On 5 February 2007 Đorđević was appointed head-coach of UAE 2nd Division side Al-Rams. In the first half of the 2006–07 season, the club was at the bottom of the standings with only one point and had not registered a single win (15 matches, 0 wins, 1 draw, 14 losses) which led to the dismissal of their Egyptian coach. After coach Zoran's arrival in mid-season, he managed to revitalize the team (5 wins, 2 draws, 8 losses, 17 points).

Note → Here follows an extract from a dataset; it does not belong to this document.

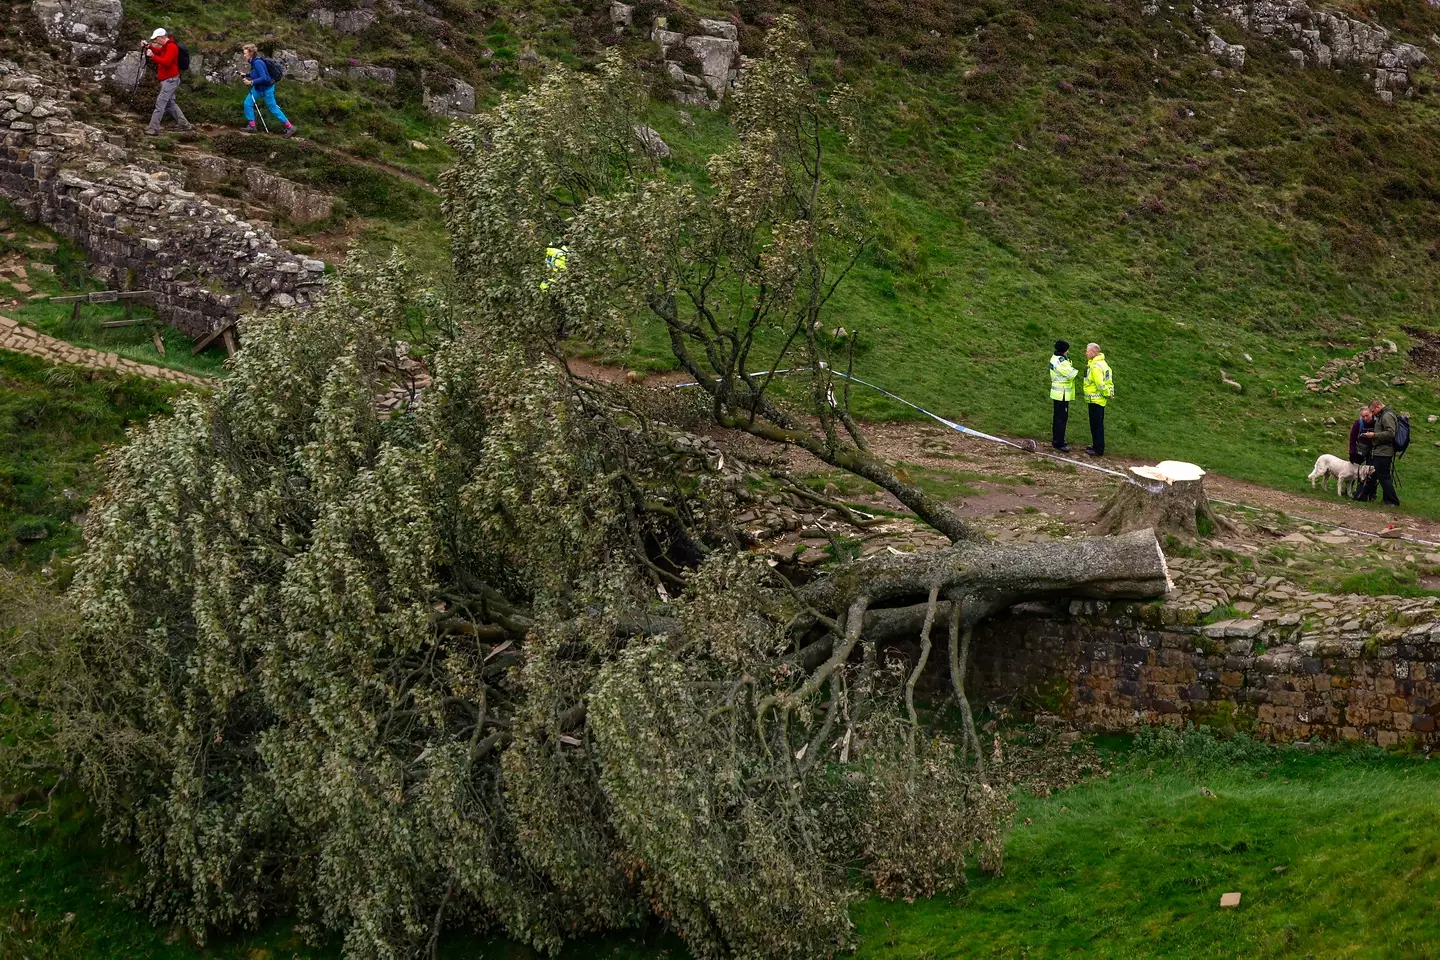 The tree was deliberately felled overnight between 27 September and 28 September.
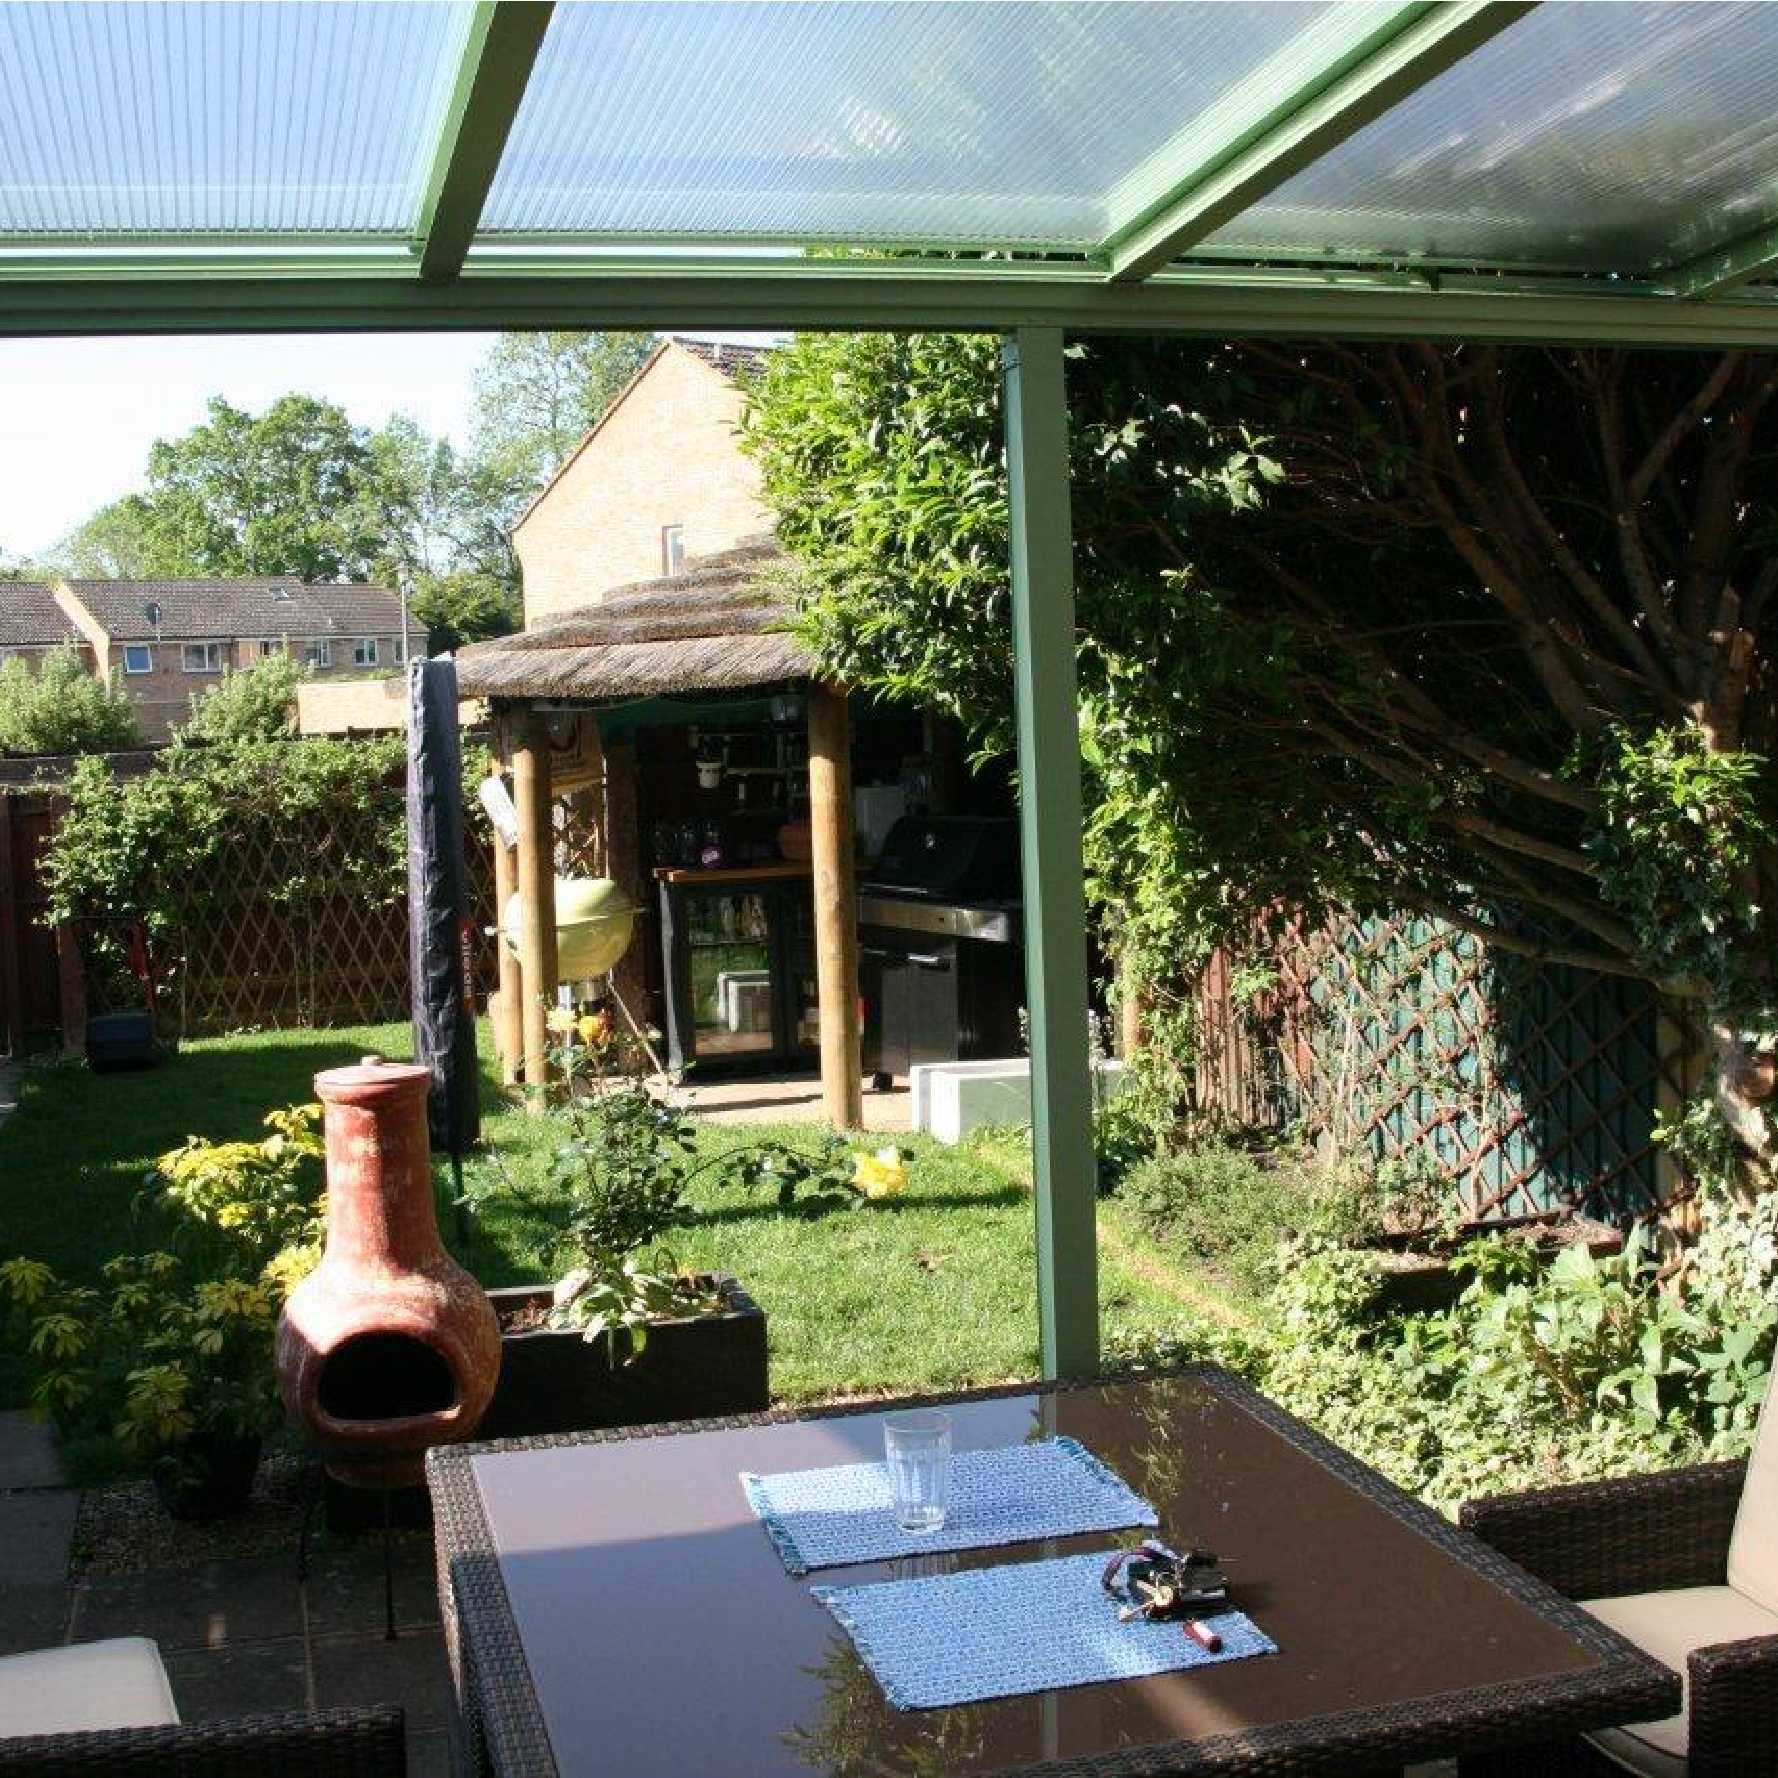 Affordable Omega Smart Lean-To Canopy, White with 16mm Polycarbonate Glazing - 5.2m (W) x 2.0m (P), (3) Supporting Posts

He created a sensational result when with the bottom club Al-Rams won 4–3 against the league leaders Ajman Club who were until then favourites for promotion to UAE Premier League.

2008–09 Churchill Brothers SC
- First Foreign Coach India League Champion
- First Foreigner to receive the Best Coach of the year award in India
- Received a congratulation letter from FIFA President Joseph Sepp Blatter for this unique achievement
- Qualification for AFC Champions League – First National League Title in Club history
- Goa Vodafone Pro-League Champion
- India Federation Cup semifinal, Super Cup final
- Churchill Brothers SC 9–1 victory over Vasco SC is the record biggest winning margin in I-League history

==Coach Zoran and His African Tigers==
During 2012, Đorđević was the subject of a documentary by British filmmaker Sam Benstead. The documentary looked at Đorđević's time at South Sudan national football team in which he led South Sudan to a 2–2 draw with Uganda in their inaugural FIFA recognised international friendly and their campaign in the 2012 CECAFA Cup.